Мои слова, кажется, доходят до Скотта, потому что он отпускает Фишера. Доктор соскальзывает вдоль стены на пол, судорожно хватаясь руками за помятое горло и со свистом дыша. Бен опускается рядом с ним на колени, проверяет, в порядке ли он.

Гарри извивается у меня на руках, хочет, чтобы я поставила его на пол.

– Папа! – кричит он, после чего вырывается из моих рук, подбегает к полузадушенному отцу, обнимает его и прячет лицо у того на груди. – Папочка, почему они кричат на тебя? Почему ты дрожишь? – Его слова прерываются рыданиями, и меня охватывает раскаяние за то, что наше появление здесь принесло маленькому мальчику столько горя. Но у нас не было выбора: я должна узнать правду.

Джеймс тоже начинает всхлипывать. Он обнимает Гарри обеими руками и целует его в макушку.

– Хорошо, я все расскажу, – говорит, точнее, шепчет он нам со Скоттом. – Я все вам расскажу.

Глава 34

Карли подходит и встает рядом со мной, растирая запястья и вращая плечами. Надо бы спросить, как у нее дела, но у меня язык прилип к гортани. Это шок, страх перед тем, что вот-вот скажет нам доктор Фишер.

– Может быть, я пока отведу Гарри вниз? – спрашивает Бен, подходя к малышу, который буквально вжался в тело отца. – Гарри? Пойдем вниз, поиграем во что-нибудь? Хочешь показать мне свою комнату?

– Я не хочу уходить! – кричит ребенок. – Я хочу остаться с папой.

– Ты, кажется, говорил, что любишь поезда? – заходит Бен с другой стороны. – А у тебя есть хорошие, такие, чтобы ты мог показать их мне?

– Покажи ему свои поезда, Гарри, – бормочет Джеймс, отрывая от себя сына.

– Я не хочу уходить! – скулит малыш.

– Гарри, – говорит хозяин дома, и его голос звучит строго, несмотря на появившуюся в нем хрипотцу.

Мальчик встает. По его щекам бегут слезы, нижняя губа дрожит, но взять себя за руку он Бену все же позволяет.

– Пошли, Карли, – командует мой босс, поворачиваясь к журналистке. – Ты тоже с нами.

– Я остаюсь здесь, послушаю, что он скажет, – отвечает она.

– Нет, ты идешь с нами. Пошли, – настаивает Бен.

– Ни за что. Никуда я не…

– Пожалуйста, Карли, – прошу ее я. – Наша договоренность по-прежнему остается в силе, но этот разговор должен пройти только между мной, Скоттом и доктором Фишером. Хорошо?
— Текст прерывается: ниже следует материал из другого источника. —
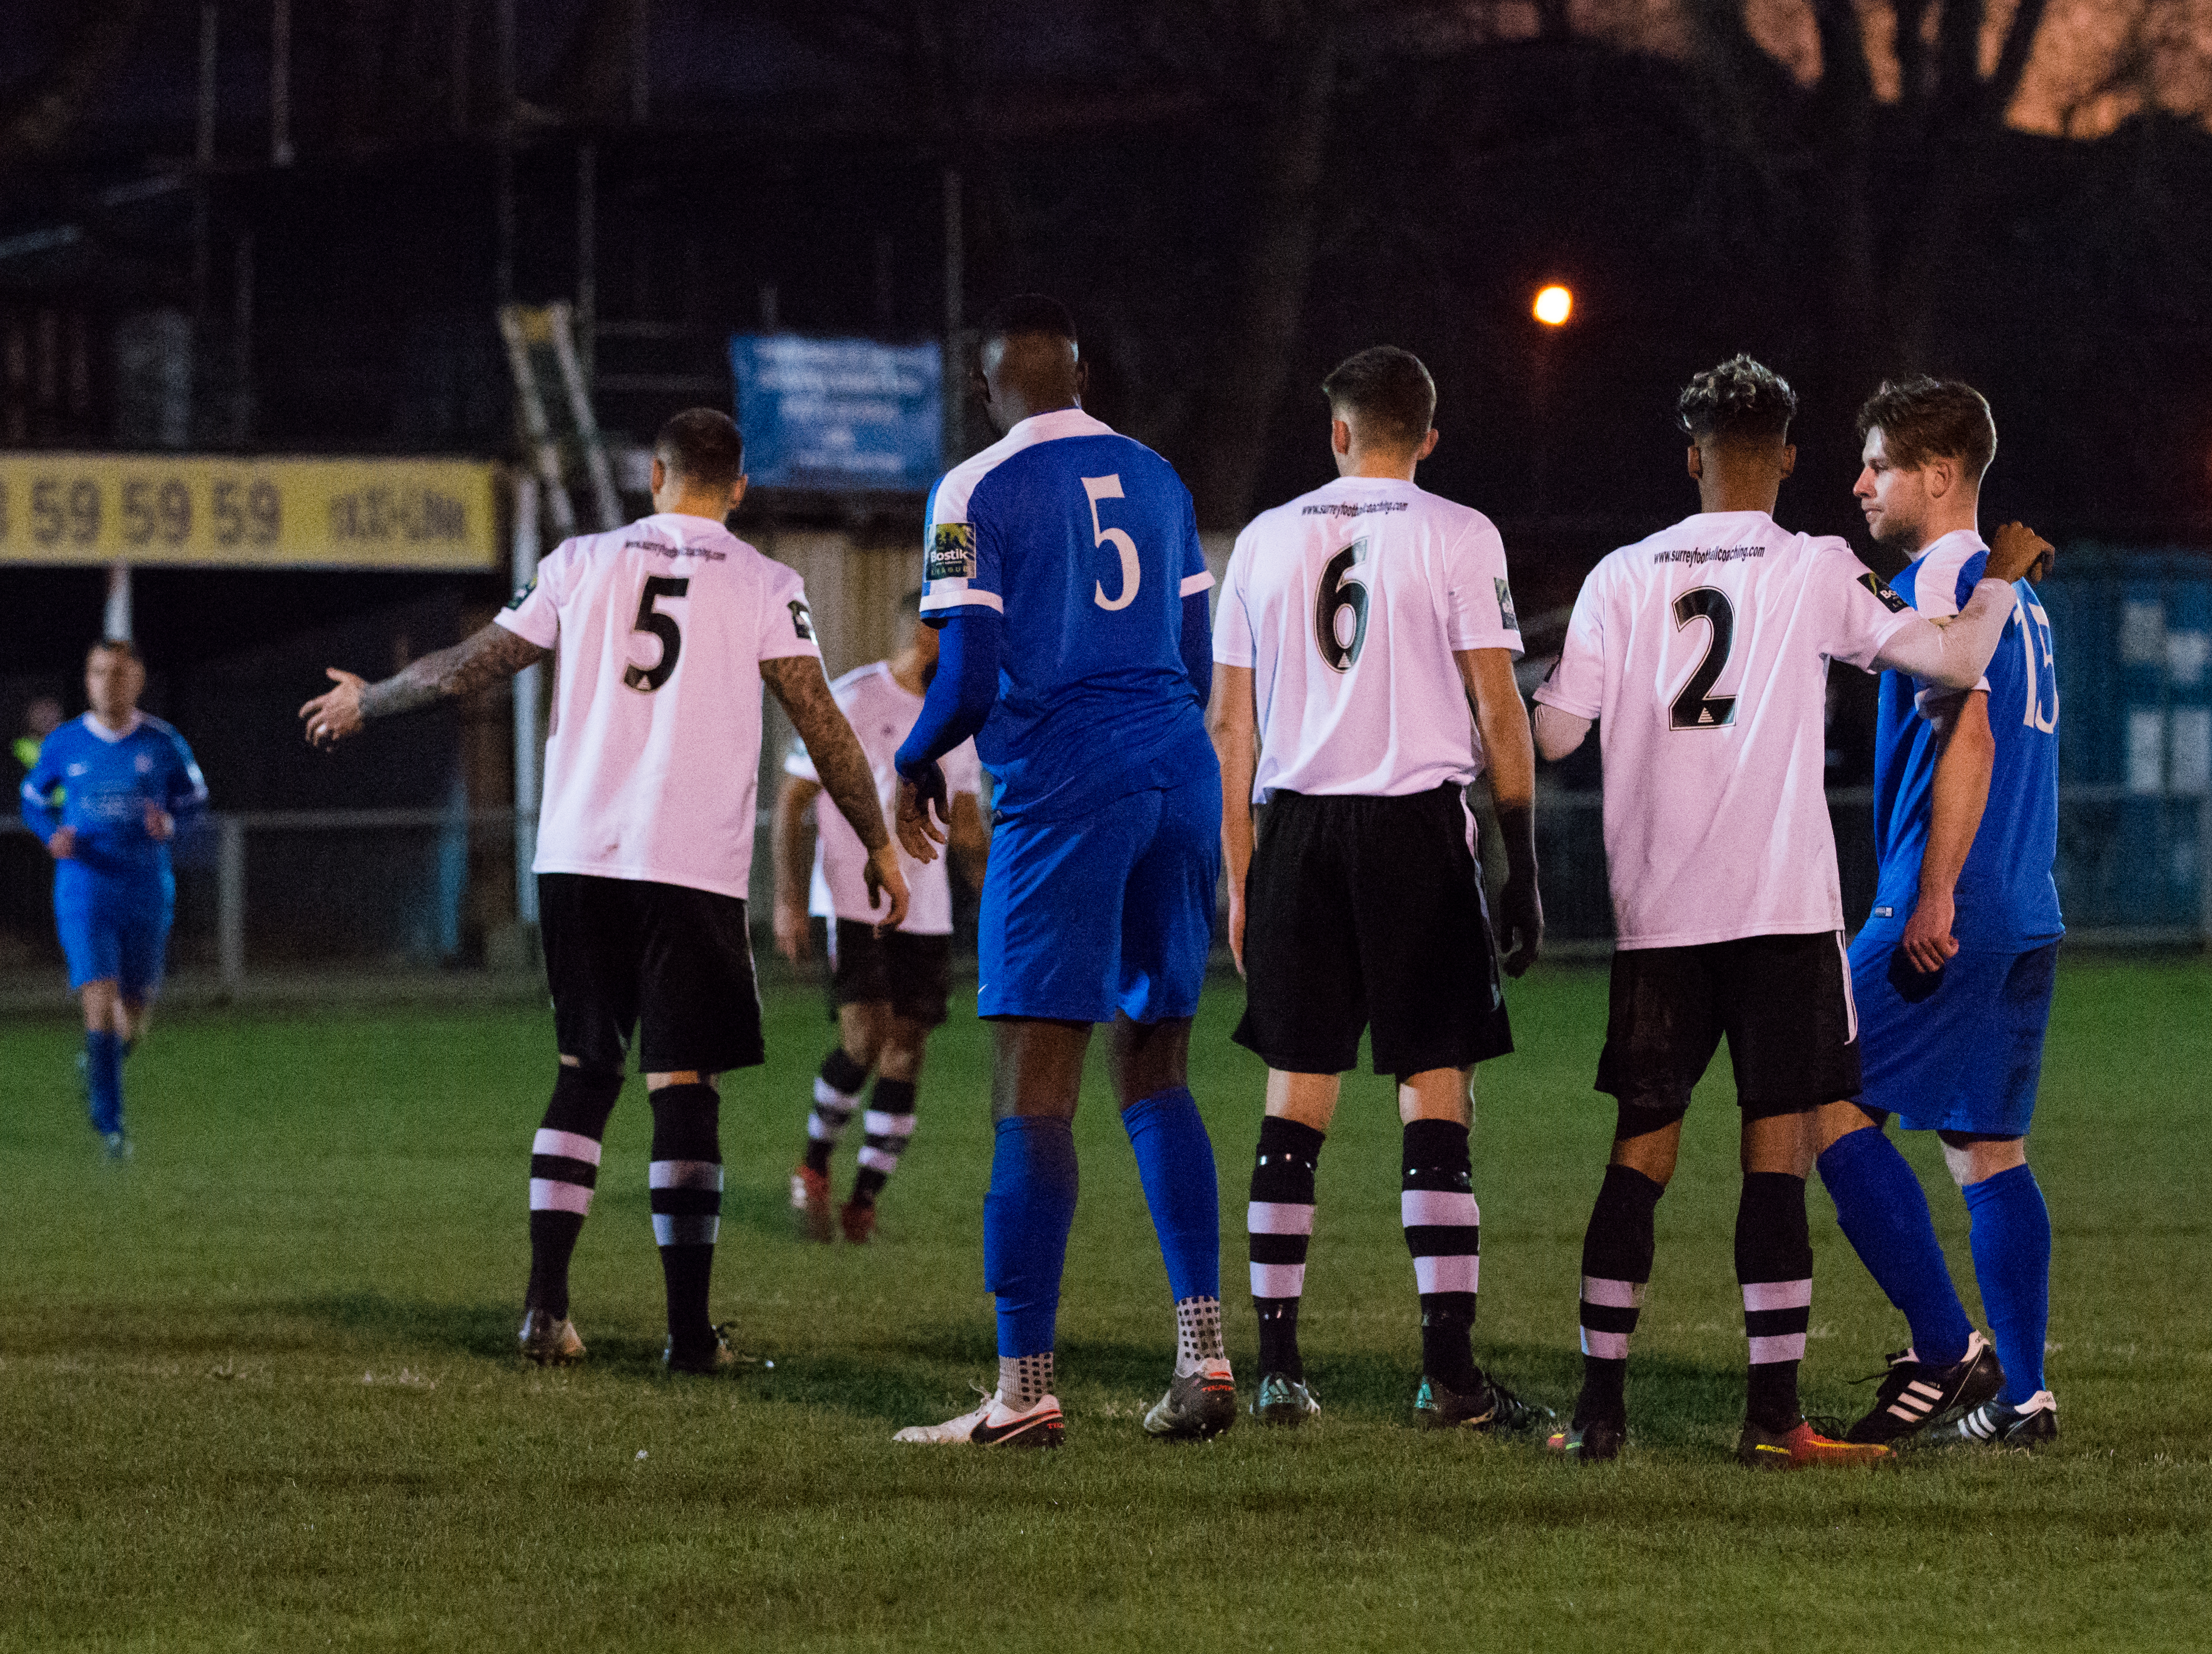 Shoreham FC vs Molesey FC 02.12.17 96
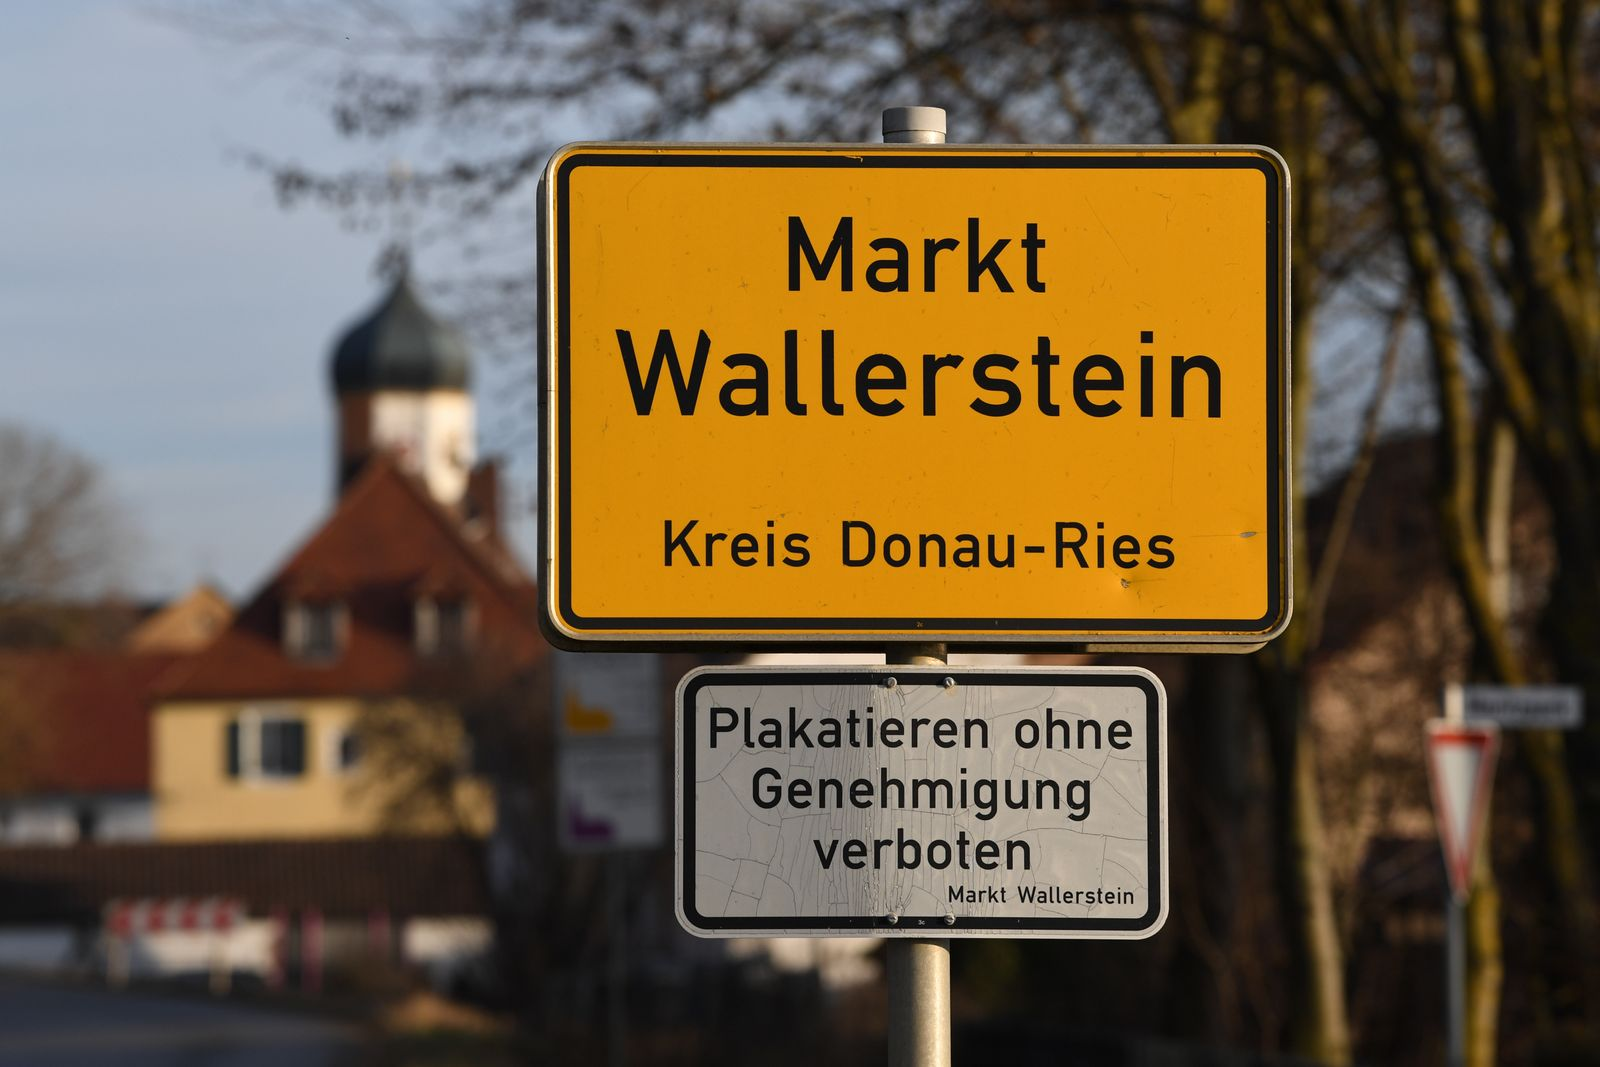 The CSU Wrestles With Religious Prejudice In Wallerstein

Нехотя соседка все же выполняет мою просьбу и угрюмо плетется следом за Беном и Гарри.

Когда их шаги затихают на лестнице, Фишера, который по-прежнему сидит на полу, начинает бить дрожь. Он плачет.

– Господи, – шепчет он. – Что же я натворил…

Я молча гляжу на него, со страхом думая о том, что такого мог сделать этот человек, отчего он теперь превратился в хнычущую развалину, и даже не пытаюсь вообразить, что мы сейчас услышим. Хотя, с другой стороны, я, кажется, уже знаю.

– Может быть, лучше начать с начала? – предлагаю я наконец каким-то не своим голосом. И опускаюсь рядом с доктором на колени, чтобы видеть его лицо.

Скотт остается стоять, скрестив на груди руки и все еще чуть ли не дымясь от ярости.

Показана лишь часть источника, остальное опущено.